For me personally, I would get a shapton glass set from 120 to 8k! Splash and go. Easy to store, fast cutters, quick cleanup and maintenance, hard long lasting. I used a friends set and was amazed. Don't care about feedback on stones. These work period. Great razor finish.


----------



## SolidSnake03 (Jun 20, 2015)

End on a Chosera 3k myself and never felt I needed to go higher with the end on my gyuto, cleaver, petty or nakiri. Maybe if you had a suji you would want a bit higher but for an all around general purpose edge the Chosera 3k really does leave a great finish. Ended up selling my Suehiro Rika 5k because it just wasn't needed anymore once I got the Chosera 3k


----------



## Ruso (Jun 22, 2015)

Hard to say what would be my setup, since there yet to many stones to try. Three stones I would not buy are: Green Brick, Naniwa SS5K and 10K. And I would invest in lapping plate right away. Flattening on sandpaper/drywall screen is PITA.


----------



## Mucho Bocho (Jun 22, 2015)

Have JKI Diamond set and finally wore through a Naniwa 400 splash and go. Upgraded to a Shapton 500 extra thick glass stone. I wanted a splash and go that wasn't too courses for thinning my knives. I read somewhere that DaveM was not fond of this stone, but I have to say I'm digging it. Its a medium hard fast cutter that leaves a nice even >400 scratch pattern. It stays flat, gives some feedback but is splash and go. thats a must for me these days. I won't grind off metal like a 240 and for serious damage, going lower is recommended. 

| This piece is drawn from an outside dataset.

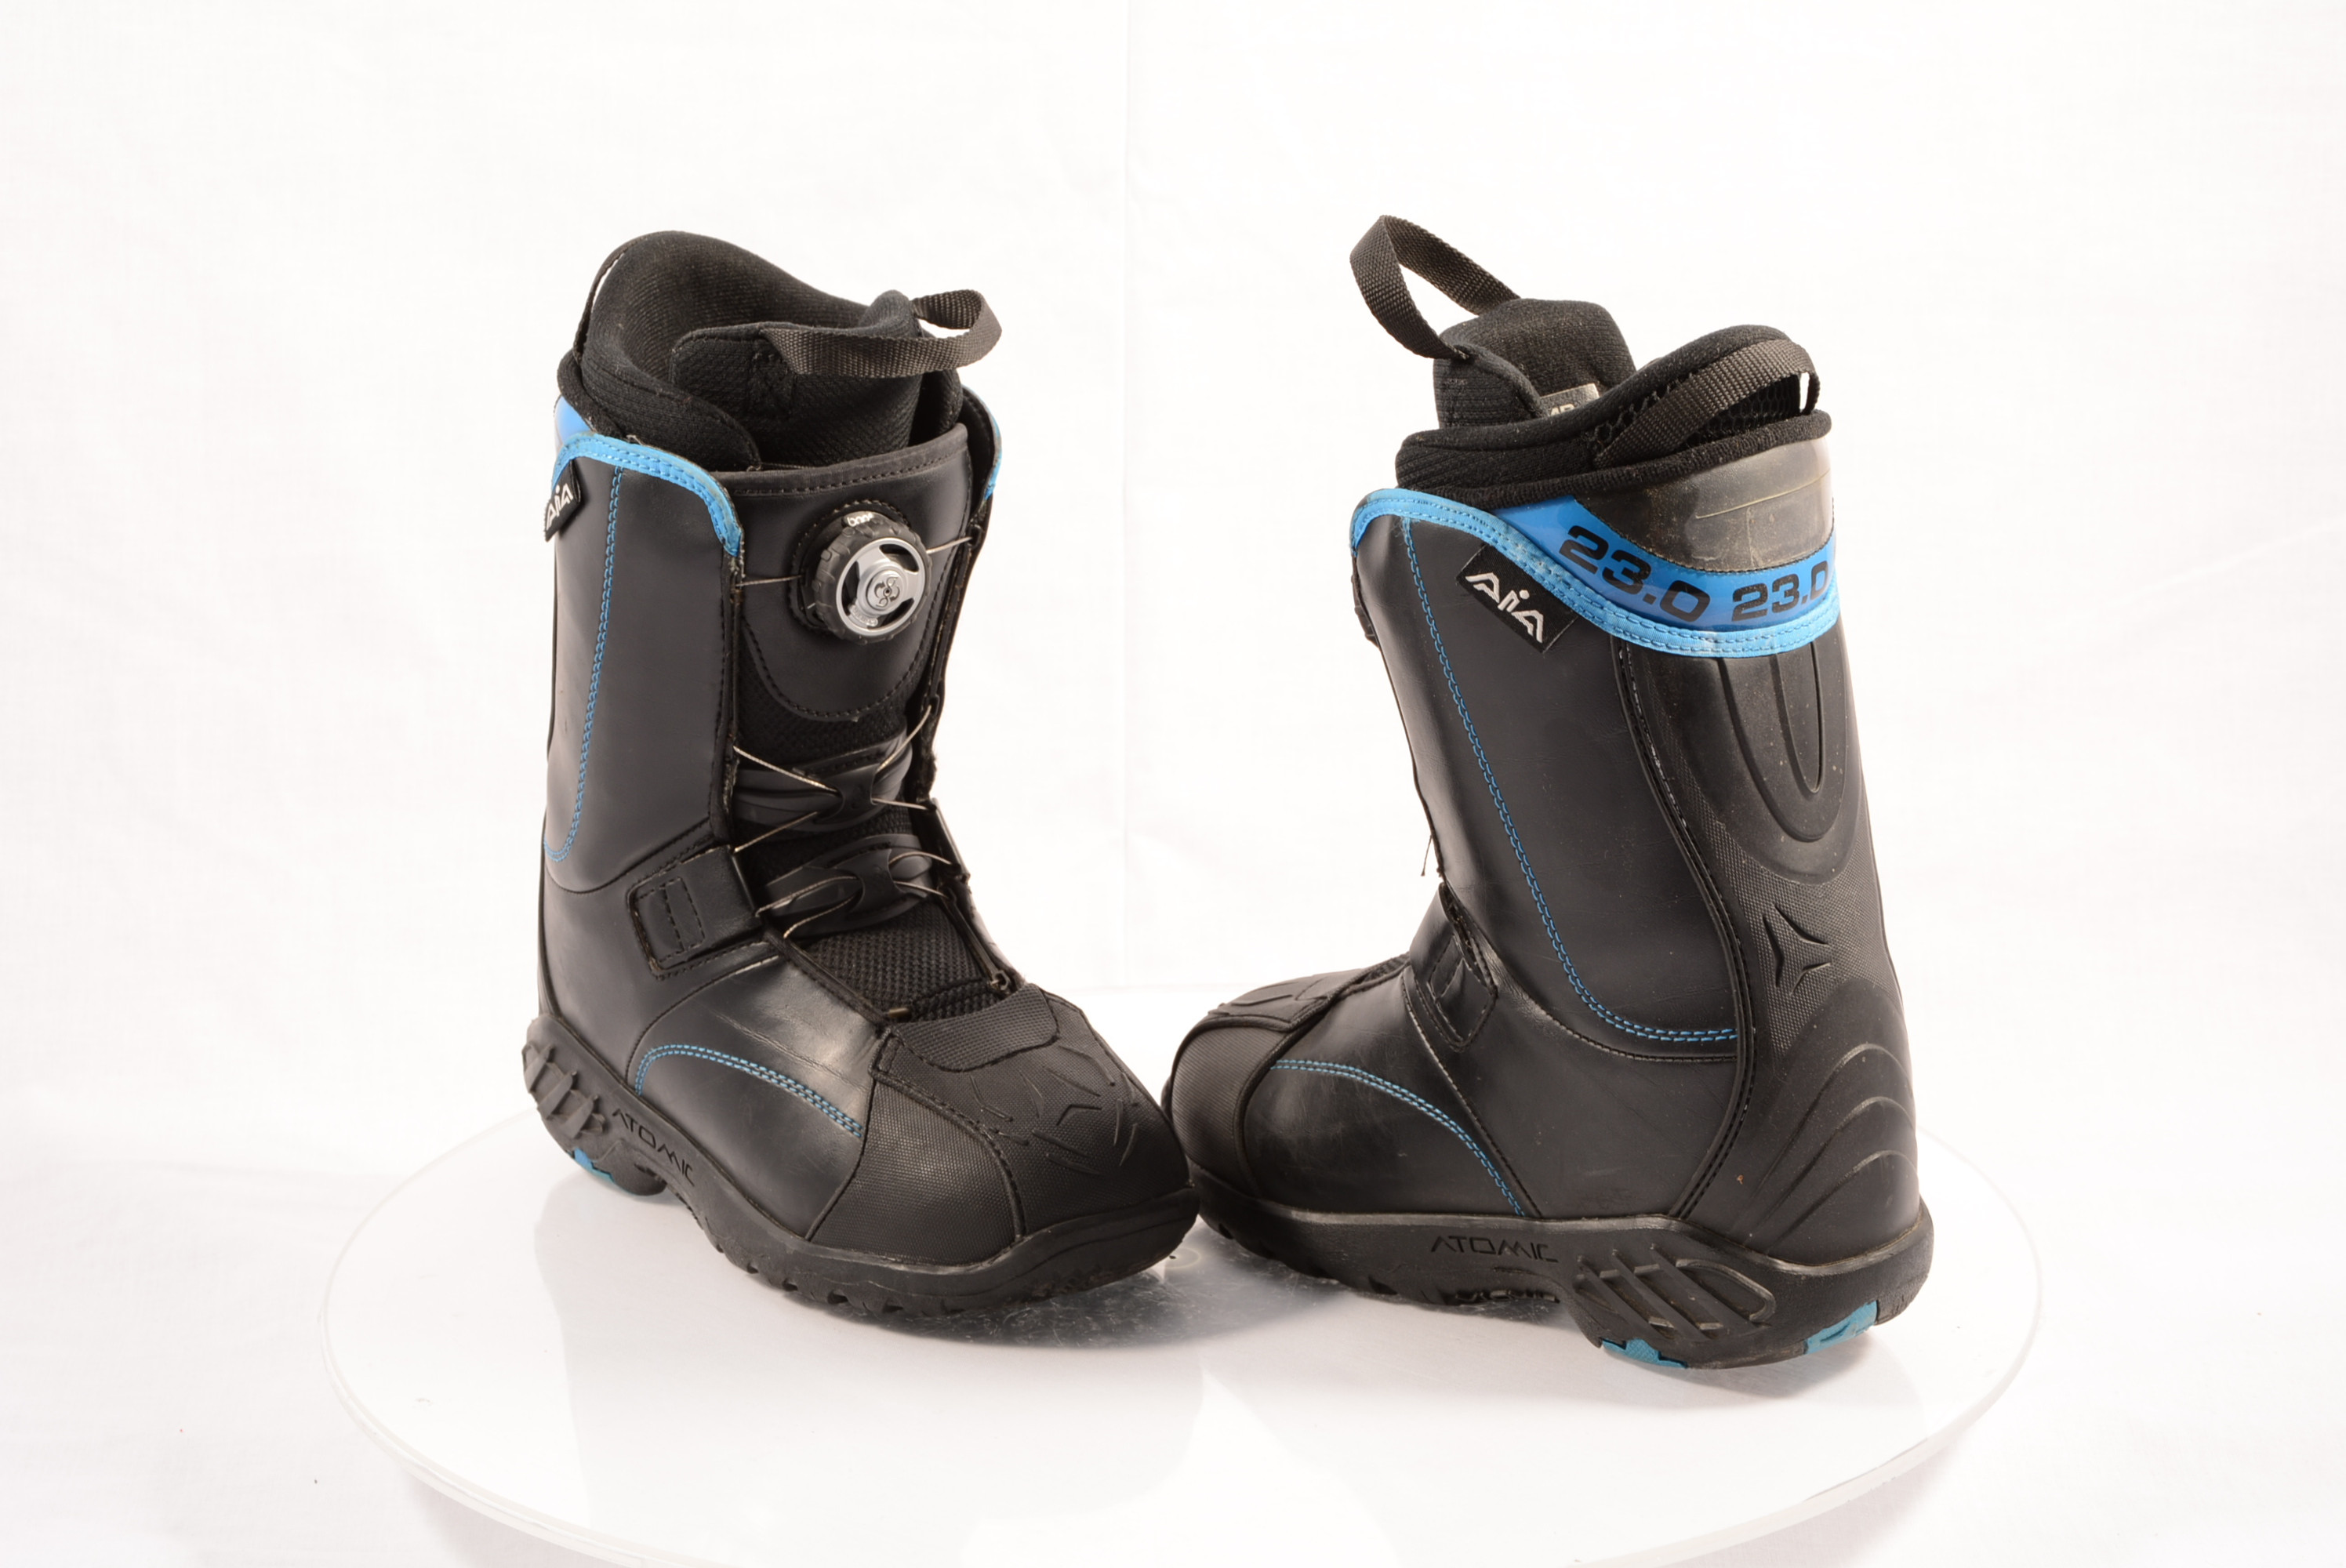 stimuleren mat Viool snowboard schoenen ATOMIC AIA BOA tec, BLACK/blue - Mardosport.be

I've been slowly thinning my Tadafusa petty. With the 500 I was able to quickly remove metal from behind the edge, exposing the san main lamination line, faster and easier than with using the Naniawa. Was able to quickly remove the scratches with a quick polish from 400 paper. I know that was the long was of saying JKI Diamond stones and a Shapton 500 EX thick glass stone. Peace.


----------



## Asteger (Jun 22, 2015)

panda said:


> Cho 3k is perfectly fine to end on



Seconds to that


----------